R (θ) = r + Lsin ⁿ {90 / (90−α) · (θ−α)} (3)
(Α ° ≦ θ ≦ 180−α °, 180 + α ° ≦ θ ≦ 360−α °)
here
r: minor axis dimension n: multiplier α: minor axis angle range θ: 0 to 360 °
It can be expressed by the general formula of

In addition, the nth power discontinuity ellipse is expressed by Equations (4) and (5).

R (θ) = r ₁ (4)
(0 ° ≦ θ ≦ α °, 180−α ° ≦ θ ≦ 180 + α °, 360−α ° ≦ θ ≦ 360 °)

R (θ) = r ₂ + Lsin ⁿ θ (5)
(Θ: Angle range other than the above)
here
r ₁ : Dimension of minor axis r ₂ : Radial dimension (r ₁ > r ₂ )
n: Multiplier α: Can be expressed by a general formula of the minor axis angle range.

  However, in Equation (2), Equation (3), Equation (4), and Equation (5), θ = 0 matches the position of 150 to 160 ° in the maximum amplitude direction.

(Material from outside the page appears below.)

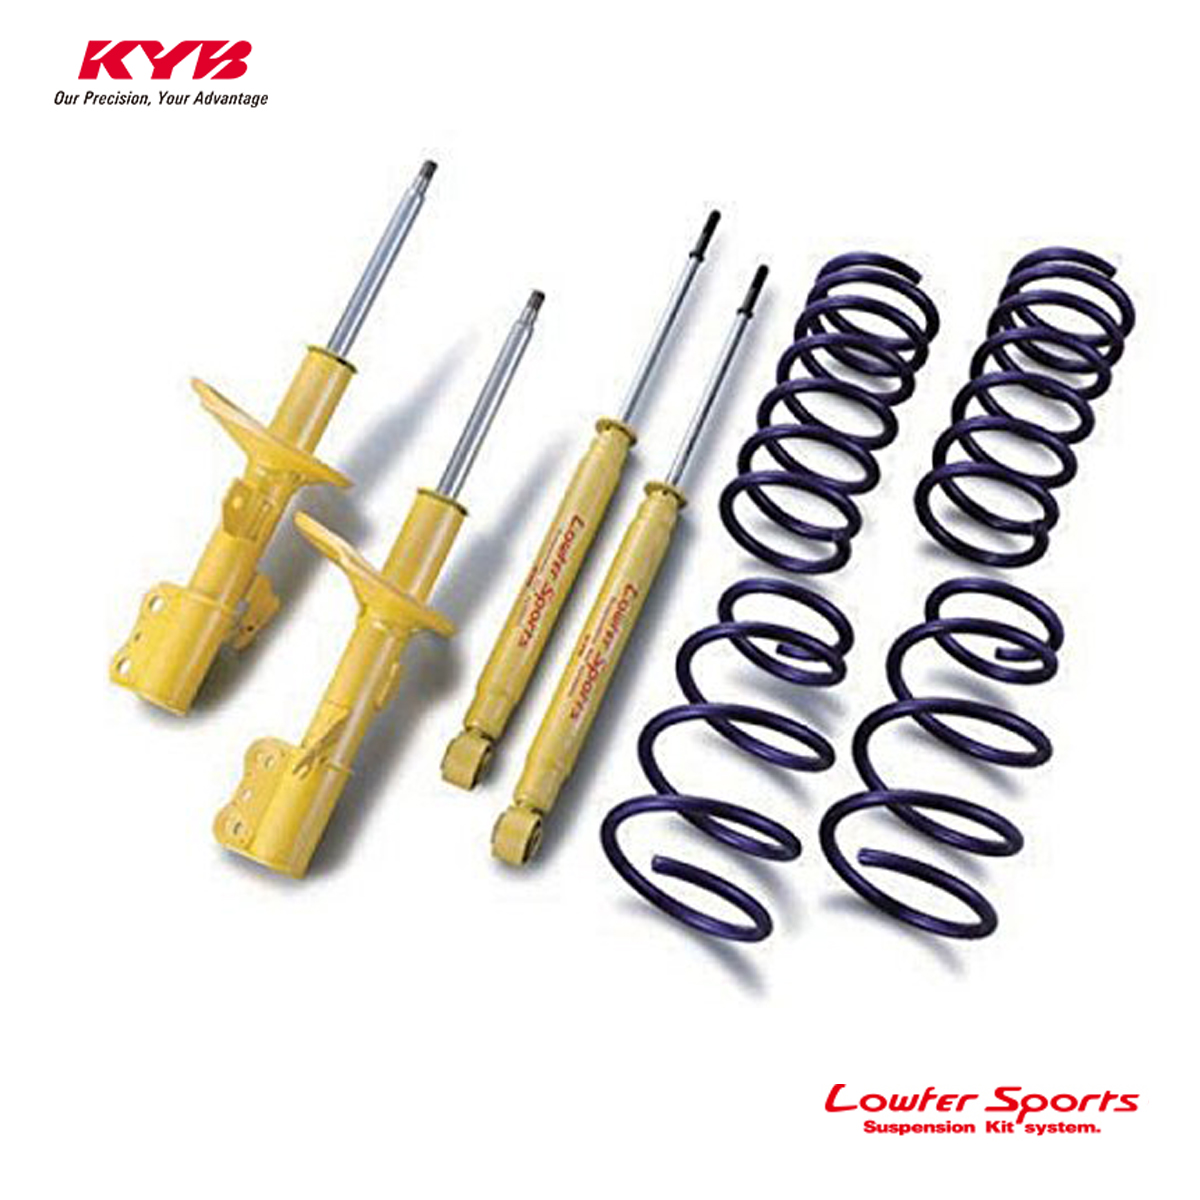 KYB カヤバ エスティマL MCR40W ショックアブソーバー サスペンションキット Lowfer Sports LKIT-MCR40W 配送先条件有り

  In the above description, the present invention has been described along the example in which the minor axis direction of each of the bearing holes 14a and 15b is matched with the maximum amplitude direction M. However, the minor axis direction of each of the bearing holes 14a and 15b has the maximum amplitude. It can be set with a slight deviation from the maximum amplitude direction M in the above-mentioned angular range of 150 to 160 degrees so as to substantially coincide with the direction M. Further, a rolling bearing can be used instead of the sliding bearing.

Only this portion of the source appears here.